Question
Silven Industries, which manufactures and sells a highly successful line of summer lotions and insect repellents, has decided to diversify in order to stabilize sales
Silven Industries, which manufactures and sells a highly successful line of summer lotions and insect repellents, has decided to diversify in order to stabilize sales throughout the year. A natural area for the company to consider is the production of winter lotions and creams to prevent dry and chapped skin. After considerable research, a winter products line has been developed. However, Silvens president has decided to introduce only one of the new products for this coming winter. If the product is a success, further expansion in future years will be initiated. The product selected (called Chap-Off) is a lip balm that will be sold in a lipstick-type tube. The product will be sold to wholesalers in boxes of 24 tubes for $8 per box. Because of excess capacity, no additional fixed manufacturing overhead costs will be incurred to produce the product. However, a $90,000 charge for fixed manufacturing overhead will be absorbed by the product under the companys absorption costing system. Using the estimated sales and production of 100,000 boxes of Chap-Off, the Accounting Department has developed the following cost per box: Direct materials $ 3.60 Direct labor 2.00 Manufacturing overhead 1.40 Total cost $ 7.00 The costs above include costs for producing both the lip balm and the tube that contains it. As an alternative to making the tubes, Silven has approached a supplier to discuss the possibility of purchasing the tubes for Chap-Off. The purchase price of the empty tubes from the supplier would be $1.35 per box of 24 tubes. If Silven Industries accepts the purchase proposal, direct labor and variable manufacturing overhead costs per box of Chap-Off would be reduced by 10% and direct materials costs would be reduced by 25%.
1. If Silven buys its tubes from the outside supplier, how much of its own Chap-Off manufacturing costs per box will it be able to avoid? (You will need to separate the manufacturing overhead of $1.40 per box that is shown above into its variable and fixe components to derive the correct answer.
2. What is the financial advantage or disadvantage per box of Chap-Off if Silven buys its tubes from the outside supplier?
3. What is the financial advantage or disadvantage in total not per box if Silven buys 100,000 boxes of tubes from the outside supplier?
4.Should Silven Industries make or buy the tubes?
5. What is the maximum price that Silven should be willing to pay the outside supplier for a boxy of the 24 tubes?
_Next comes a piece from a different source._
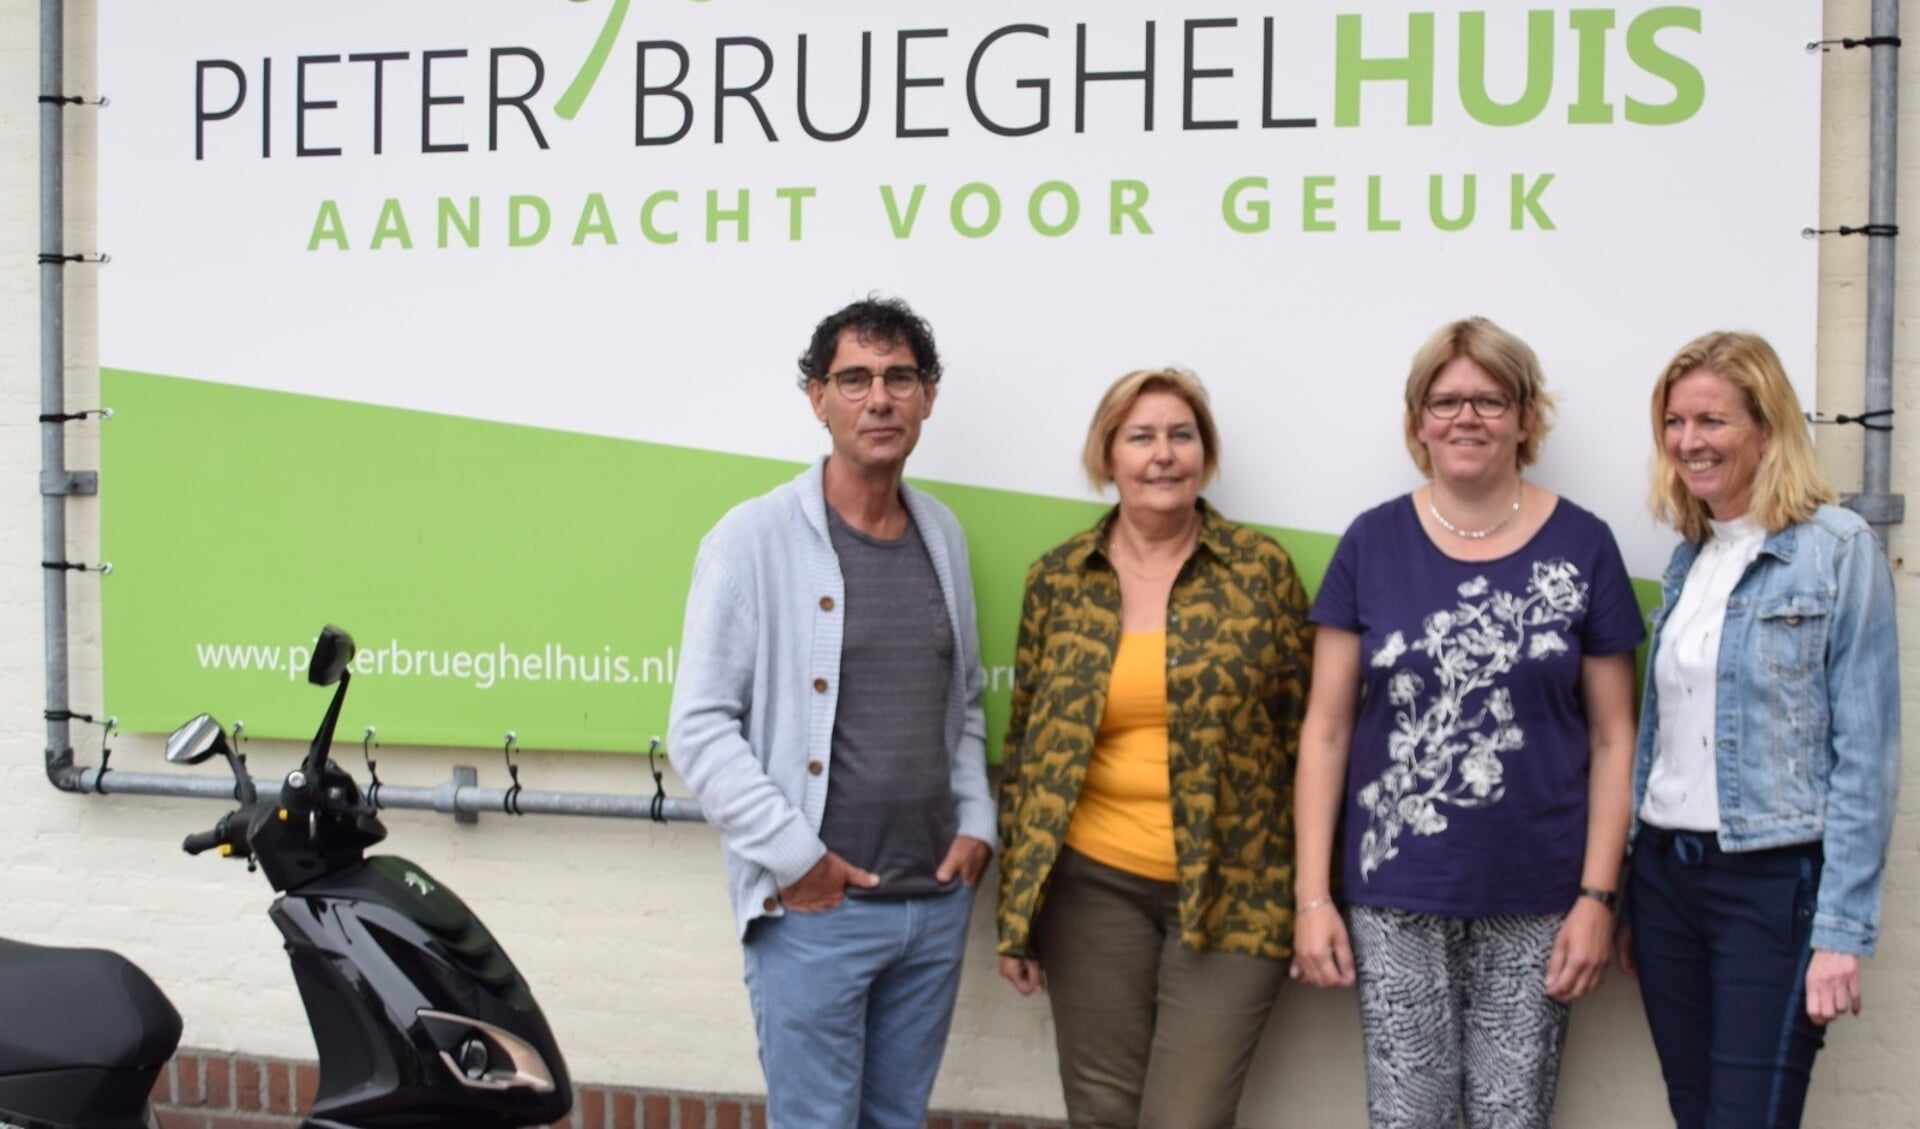 De initiatiefnemers voor het Autismecafé in Veghel. Van links naar rechts: Herman Vissers (MEE),  Marjon van Herpen (ONS welzijn),  Dorien van Rooij (ervaringsdeskundige) en Karin Cornelissen (PieterBrueghelHuis). (foto: W van der Lubbe)

Explain.
6. Instead of sales of 100,000 boxes, revised estimates show a sales volume of 120,000 boxes.At this higher sales volume, Silven would need to rent extra equipment at a cost of $40,000 per year to make the additional 20,000 boxes of tubes. Assuming that the outside supplier will not accept an order for less than 120,000 boxes of tubes from the outside supplier? Given this new information, should Silven Industries make or buy the tubes?
7. Refer to the data in 6. Assume that the outside supplier will accept an order of any size for the tubes at a price of $1.35 per box. How many boxes of tubes should Silven make? How many boxes of tubes should it buy from the outside supplier?
8. What qualitative factors should Silven Industries consider in determining whether they should make or buy the tubes?